[[ GIVEN RECORDS, beginning ]]

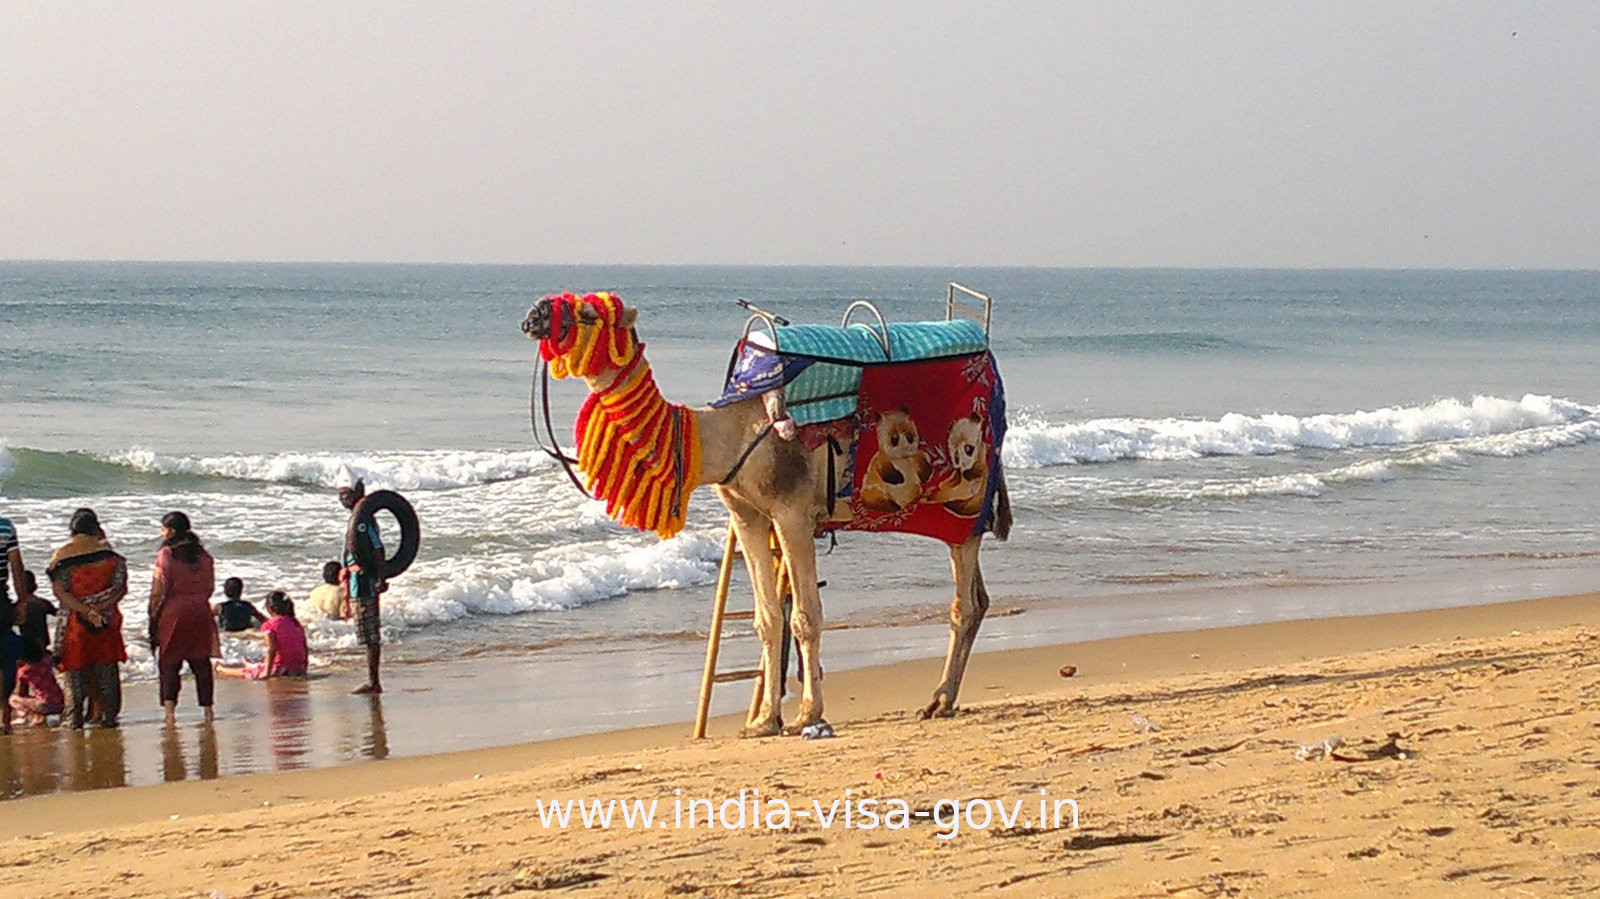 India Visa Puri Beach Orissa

[[ GIVEN RECORDS, end ]]
[[ GIVEN RECORDS, beginning ]]

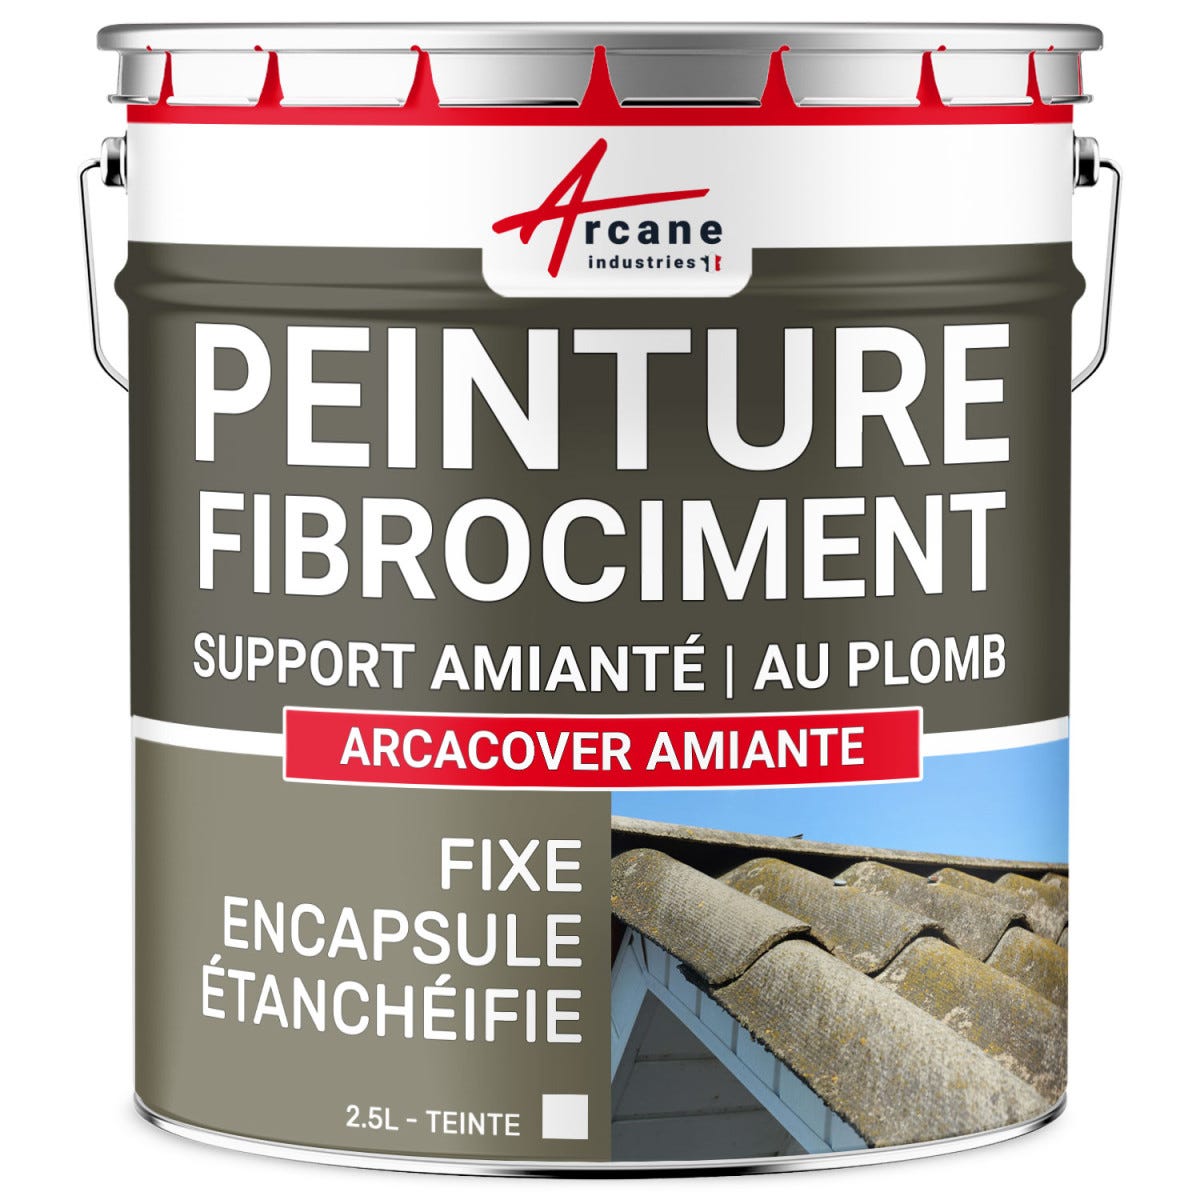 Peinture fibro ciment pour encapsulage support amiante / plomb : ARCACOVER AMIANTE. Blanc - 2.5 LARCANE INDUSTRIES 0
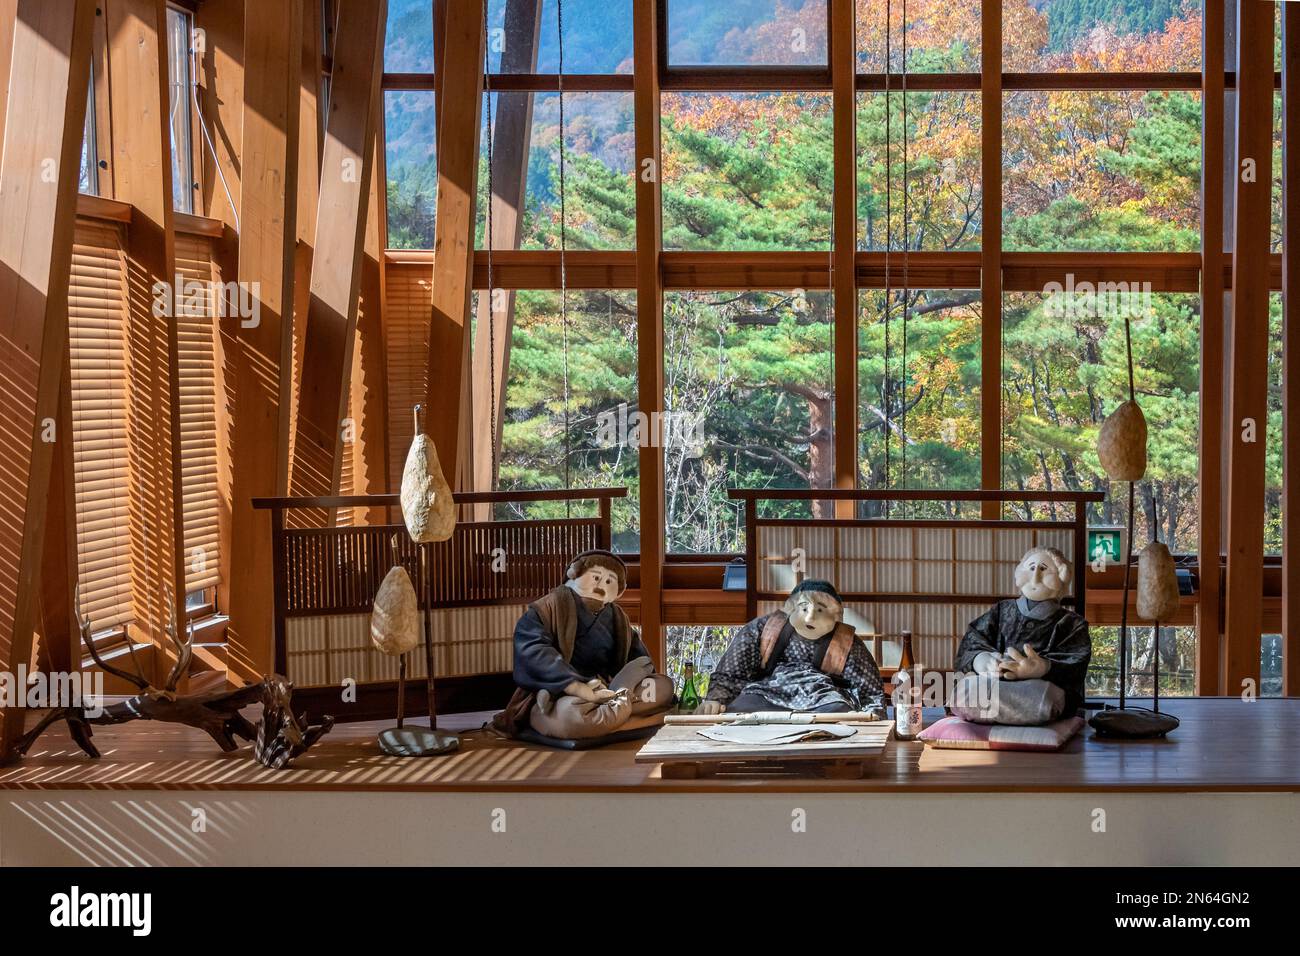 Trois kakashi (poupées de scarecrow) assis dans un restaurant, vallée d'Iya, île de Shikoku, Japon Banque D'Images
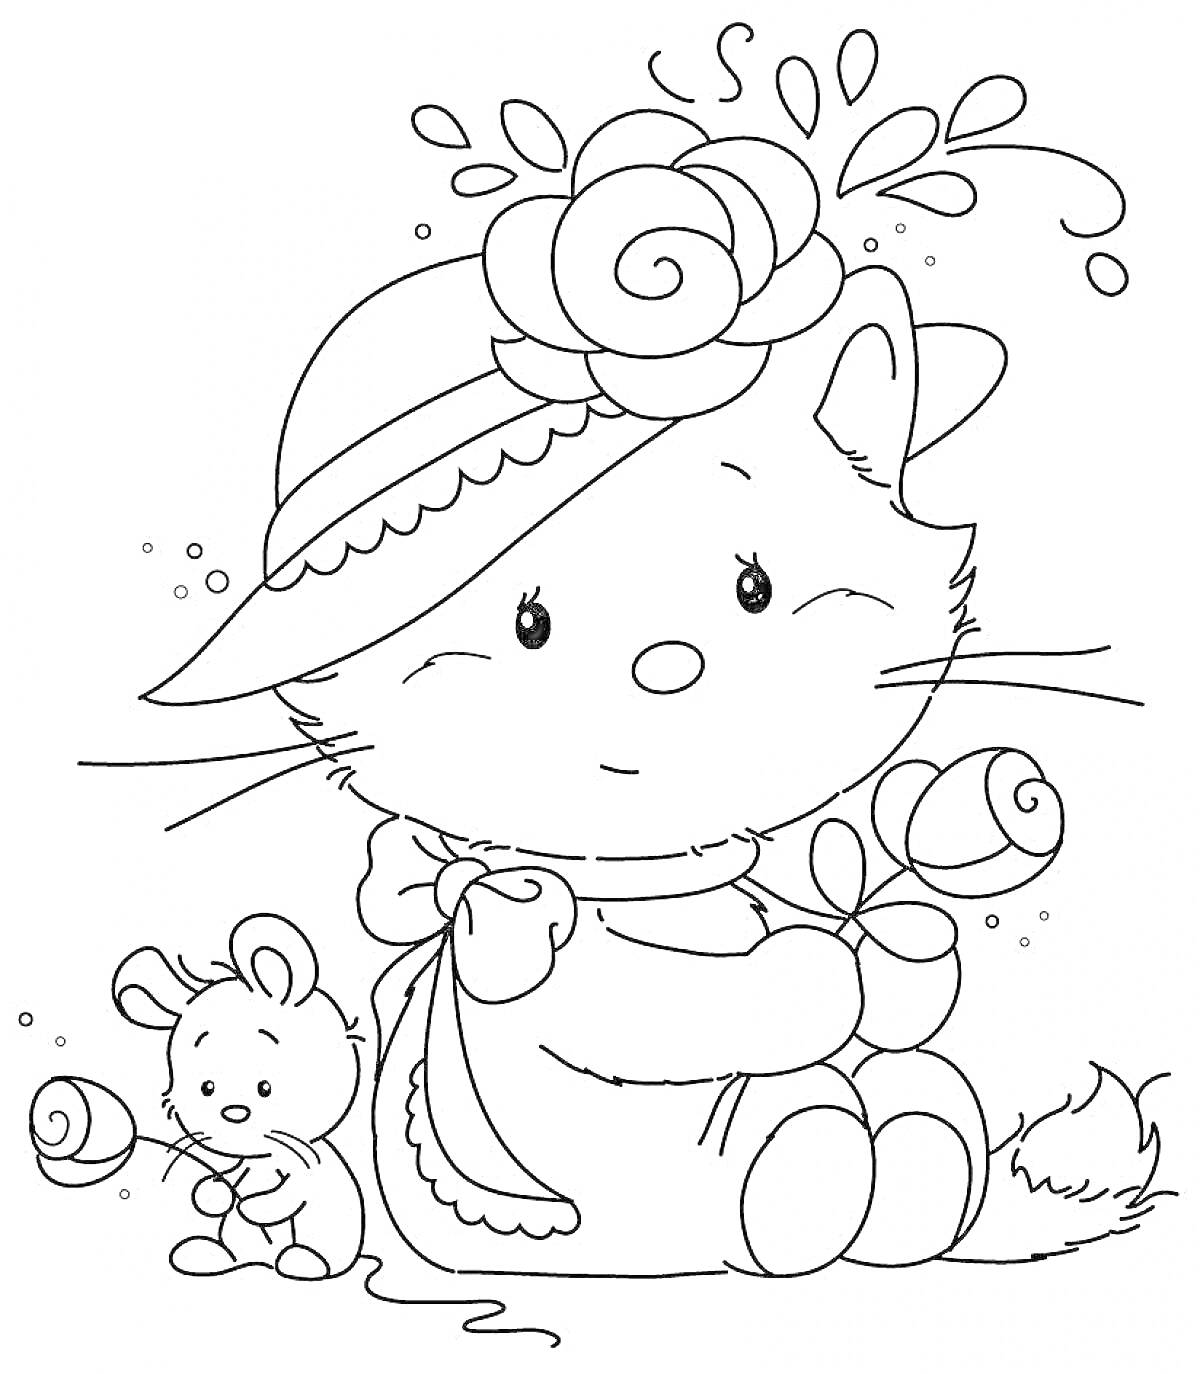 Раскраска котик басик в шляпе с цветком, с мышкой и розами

[[ GIVEN RECORDS, end ]]

(TASK PROMPT): Write back word for word every line in the entries above from the one with "Peinture fibro ciment" to the one with "Раскраска котик басик", ends included, and none of the pictures.

(SOLUTION TO THE EXERCISE):
 Peinture fibro ciment pour encapsulage support amiante / plomb : ARCACOVER AMIANTE. Blanc - 2.5 LARCANE INDUSTRIES 0
 Trois kakashi (poupées de scarecrow) assis dans un restaurant, vallée d'Iya, île de Shikoku, Japon Banque D'Images
 Раскраска котик басик в шляпе с цветком, с мышкой и розами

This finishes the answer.